In a federal investigation, Simmons and Brown pled guilty on March 8 to accepting bribes—a story reported the day before Melton addressed the media about it, but without representatives of the investigative agencies present.
Melton made it clear Friday that the primary suspects for making the pay-offs to the women were members of the Wood Street Players, who allegedly used the fraud to sanitize their criminal records—perhaps explaining why warrants that Melton promised for the arrest of Vidal Sullivan did not turn up in searches.
"I'm not suggesting a link. I'm telling you there's a link," Melton said. "After I was elected I told the public that we had corruption at municipal court services and now we're finding out that that indeed is the case."
This is not a new accusation from Melton. In 2003, as director of the Mississippi Bureau of Narcotics, Melton accused Municipal Court Clerk Brenda Thomas of obstruction of justice for accepting money from members of the Cohea Street Money Boys and the Wood Street Players—whose members reportedly overlap—to erase their criminal records.
"We have very specific instances with specific individuals," Melton told The Clarion-Ledger in 2003. He went on to say that he would make "a complete, full public disclosure as to what has been going on with the judicial system in Hinds County" when the investigation was complete.
Nine months later, however, Hinds County Judge Mike Parker threw out the arrest warrant, saying the warrant had not yet been served. Thomas' attorney, Herbert Lee, told The Clarion-Ledger in 2004 that Melton's warrant was faulty because he had taken unsubstantiated information from an affidavit to make his charges.
Melton testified that he gave specific information to substantiate the warrant to Hinds County Justice Court Judge Ivory Britton.
Two months later, in November 2004, bail bondsman Jimmie "Jimmy Jam" Johnson, who Melton had accused of being involved in the scheme with Thomas, was murdered.
At the March 10, 2006, press conference, Melton said he believed the two clerks—Simmons and Brown—had also worked with murdered bail bondsman Johnson.
Melton said Friday that the clerks had erased records for Vidal Sullivan—thus helping keep him out of jail. "If you call court services to access that particular record and that record is not found, and you go to another source and find 51 interdictions, that is very inappropriate and that has been addressed with the pleading of those two individuals," Melton said.
However, sources inside the court system tell the JFP that municipal clerks would only be able to erase misdemeanors, as felony charges are registered in multiple locations and cannot be so easily deleted.
Furthermore, sources say that these two clerks came to the attention of federal investigators because of a civil suit filed against the city of Jackson, Sebrena Crawford v. City of Jackson, in U.S. District Court for the Southern District of Mississippi in 2004. That suit alleges that Simmons removed complaints lodged by Sebrena Crawford against Grover Hamilton for assaults, sexual assaults and batteries against her and her children in 2002.
She is suing Hamilton, the clerks and the city of Jackson for these offenses.

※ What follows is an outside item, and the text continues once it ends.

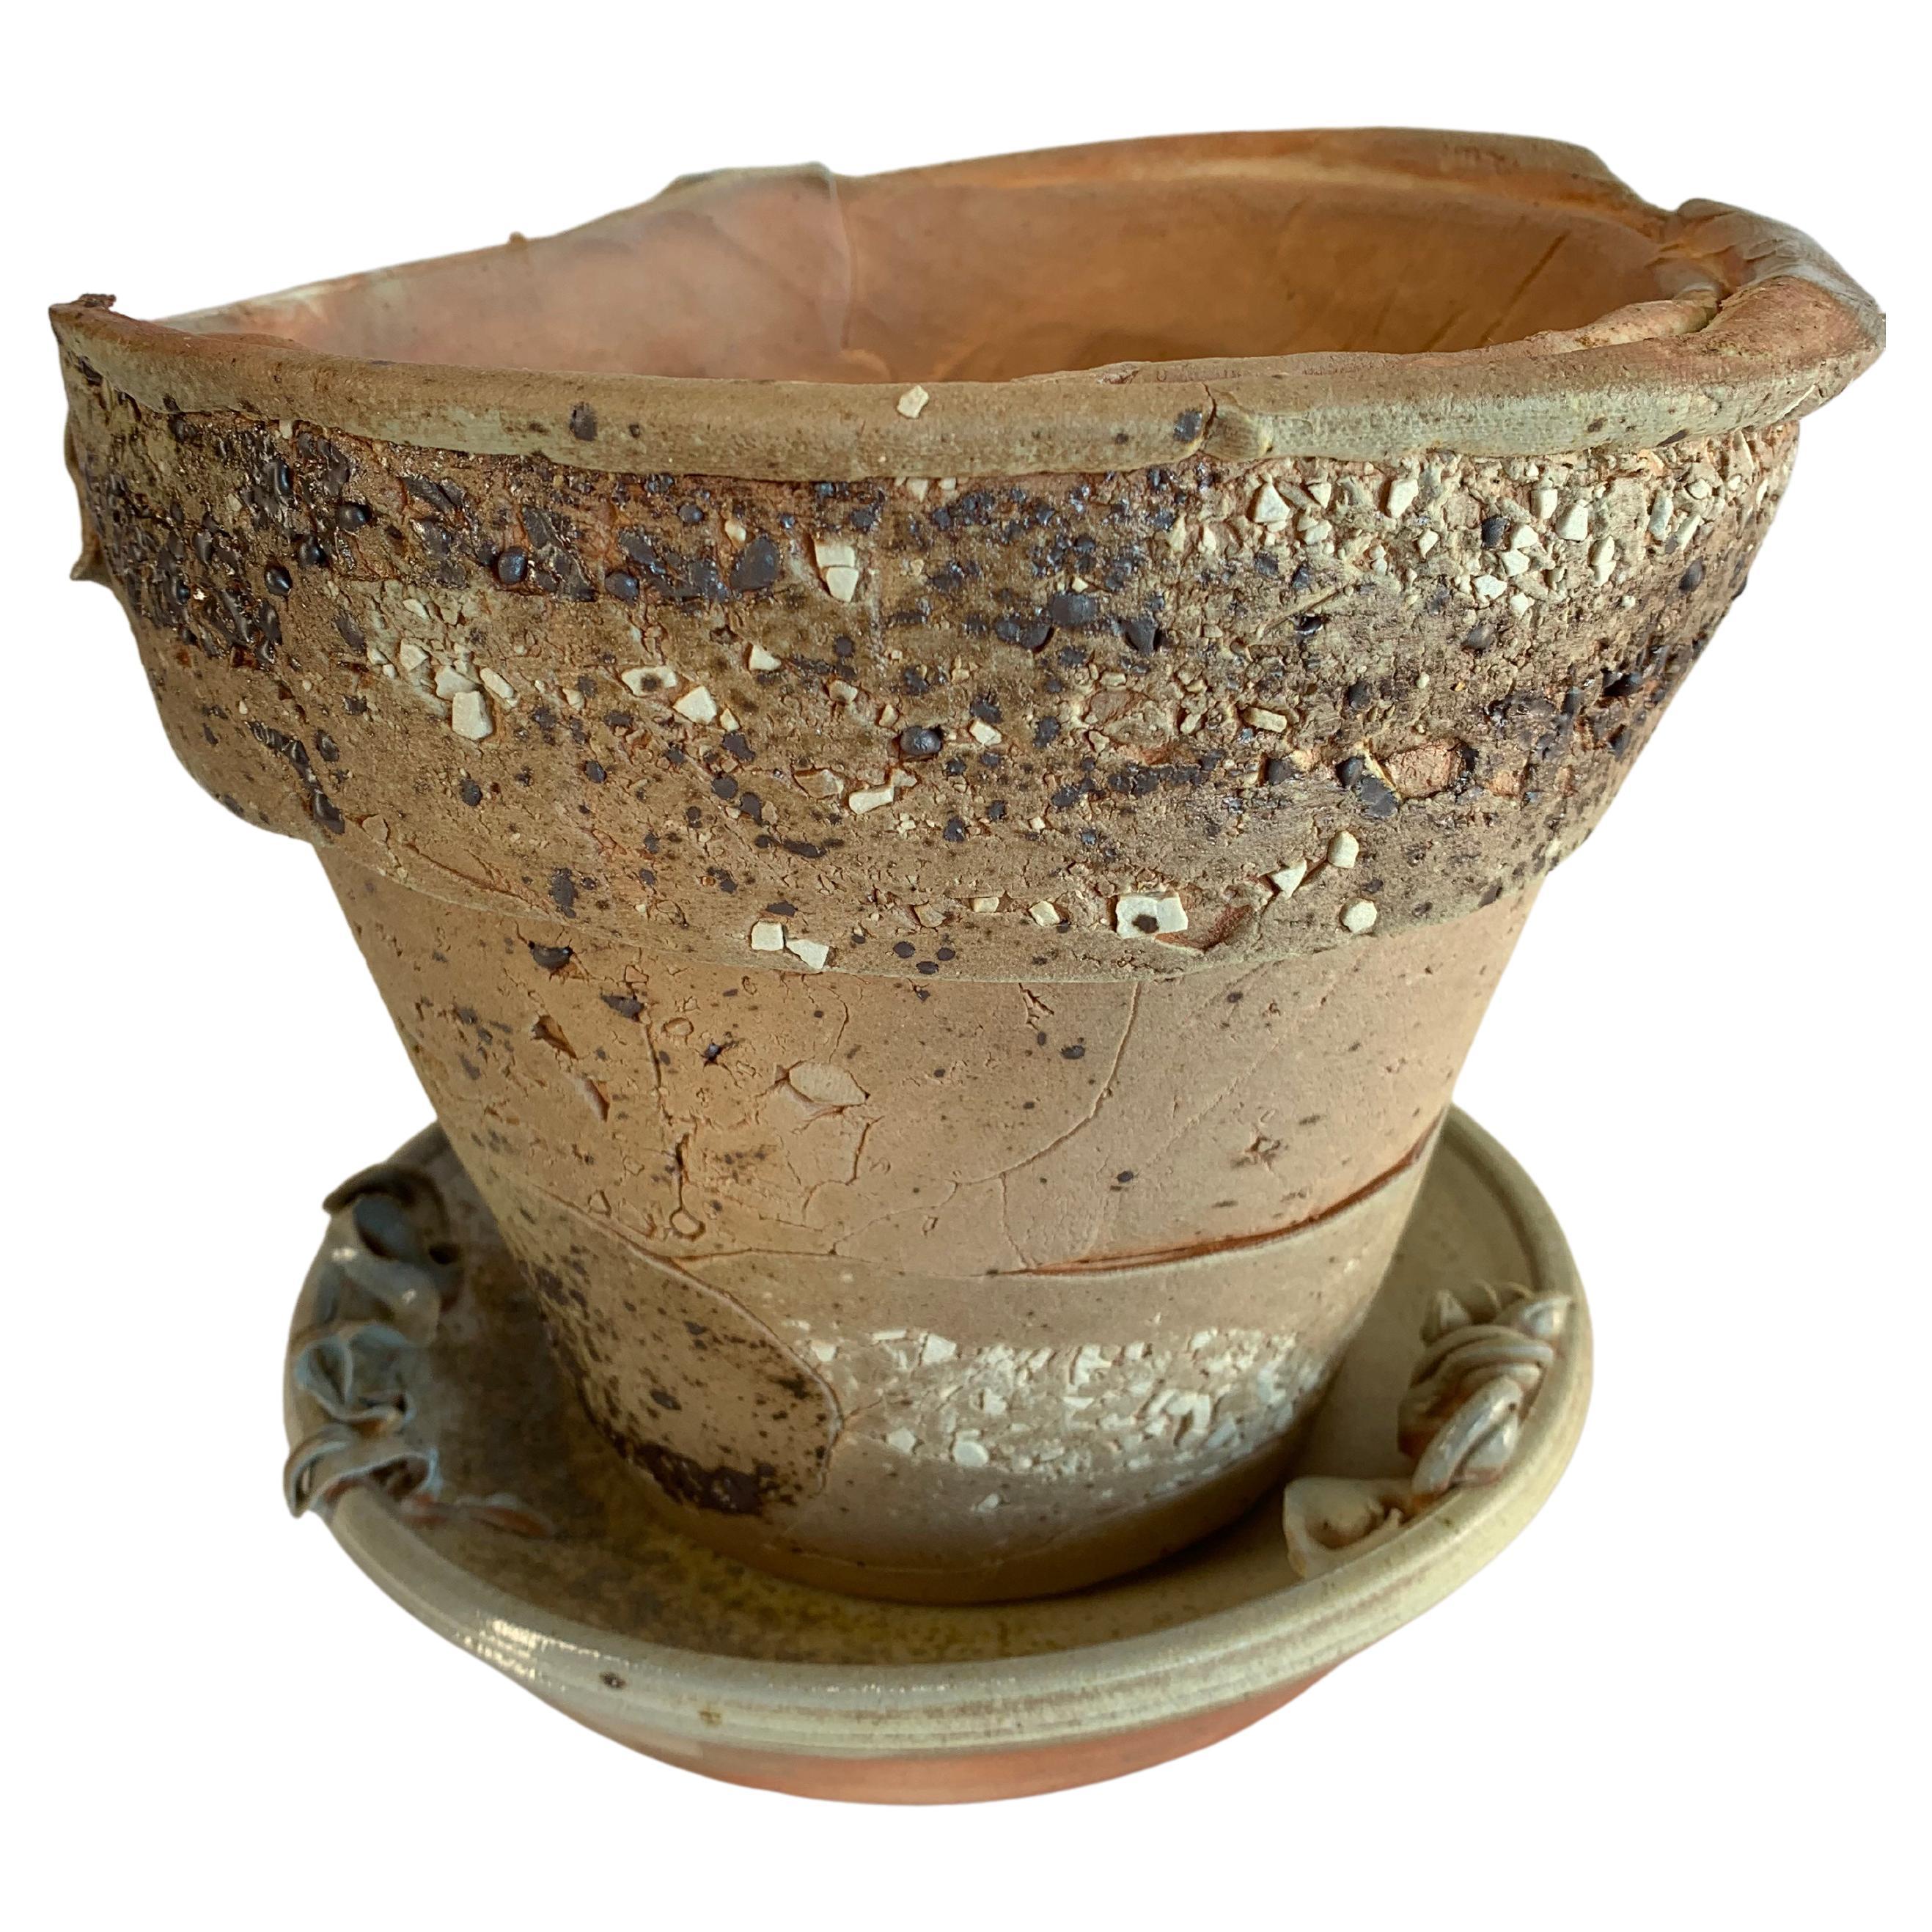 Ceramic Planter and Saucer For Sale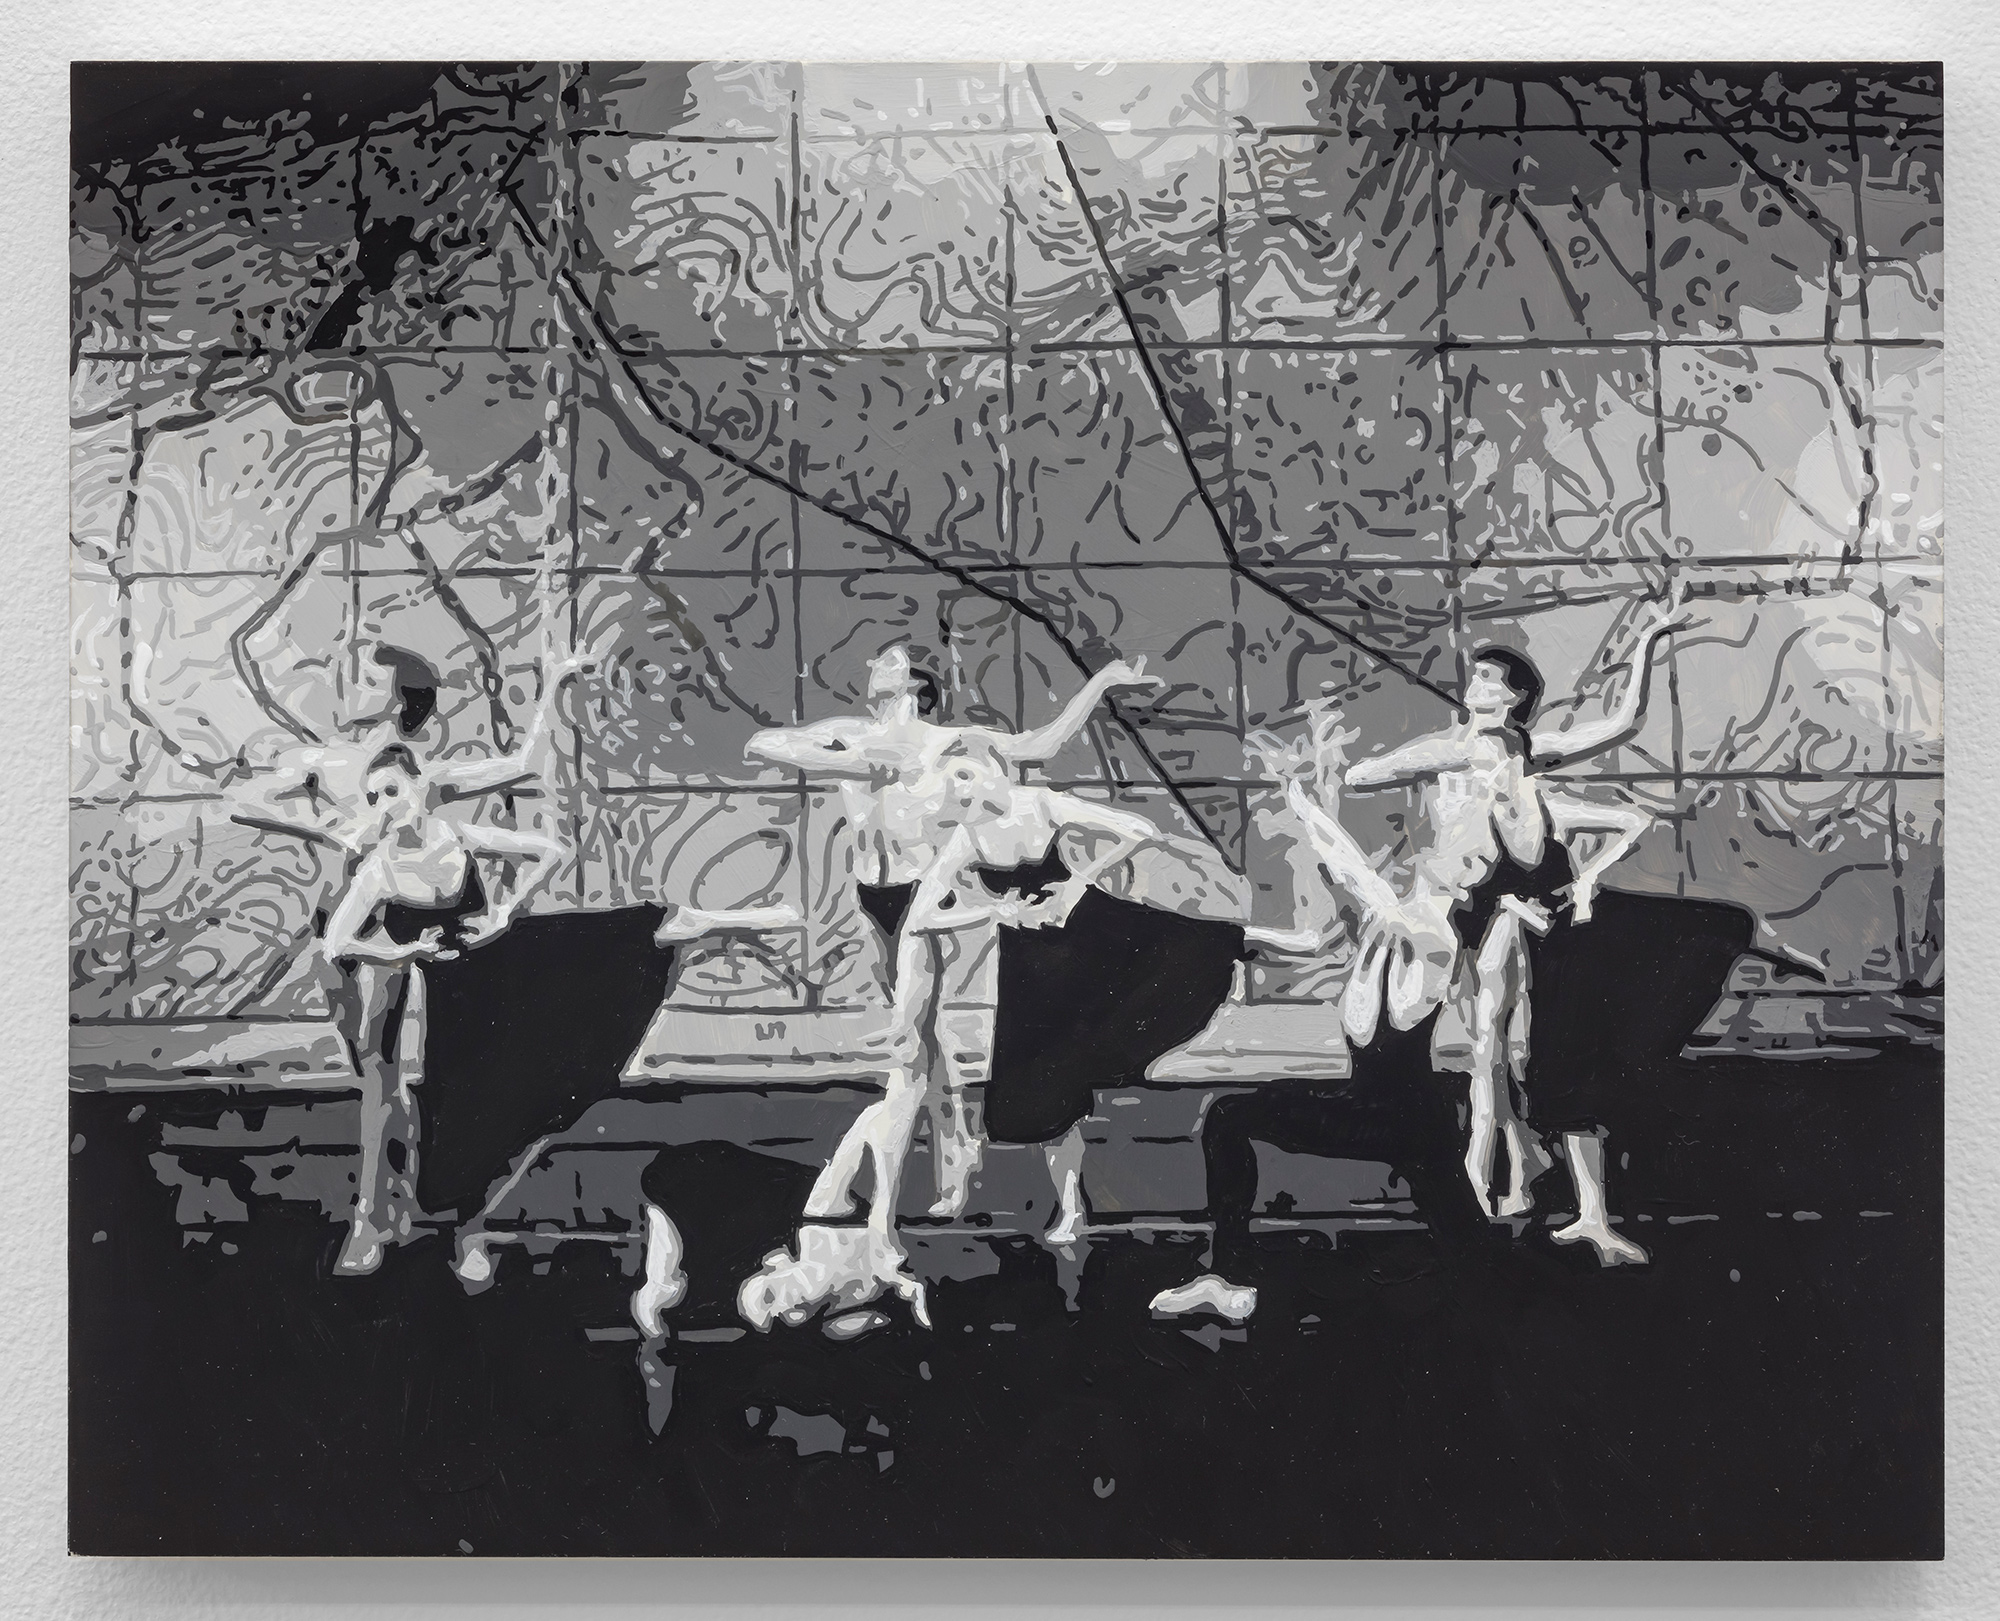  Dorian FitzGerald,  Bat-Dor Dance Company, Joyce Theatre, New York, 1983,  2019, holbein acryla gouache on board, 8 x 10 inches

John Dowdy, chief of the criminal division in the U.S. Attorney's office, confirmed that Simmons and Brown were investigated in that case, but would not confirm nor deny whether the two had a link to further investigations regarding the Wood Street Players, as Melton reported.
At the same press conference, Melton told the media that he would not release crime statistics directly to the media—and would only release them filtered through a television station and other publications he plans for the city of Jackson to start.
After the press conference, Melton made further headlines by threatening Clarion-Ledger reporter Kathleen Baydala, who was investigating a trip he and two bodyguards had taken the weekend before to the Bahamas—with tickets charged to the city. The paper reported the next day that Melton told Baydala "I will cream you personally," if she proceeded with the story.
The Clarion-Ledger ran the Bahamas story the next day, despite the threat.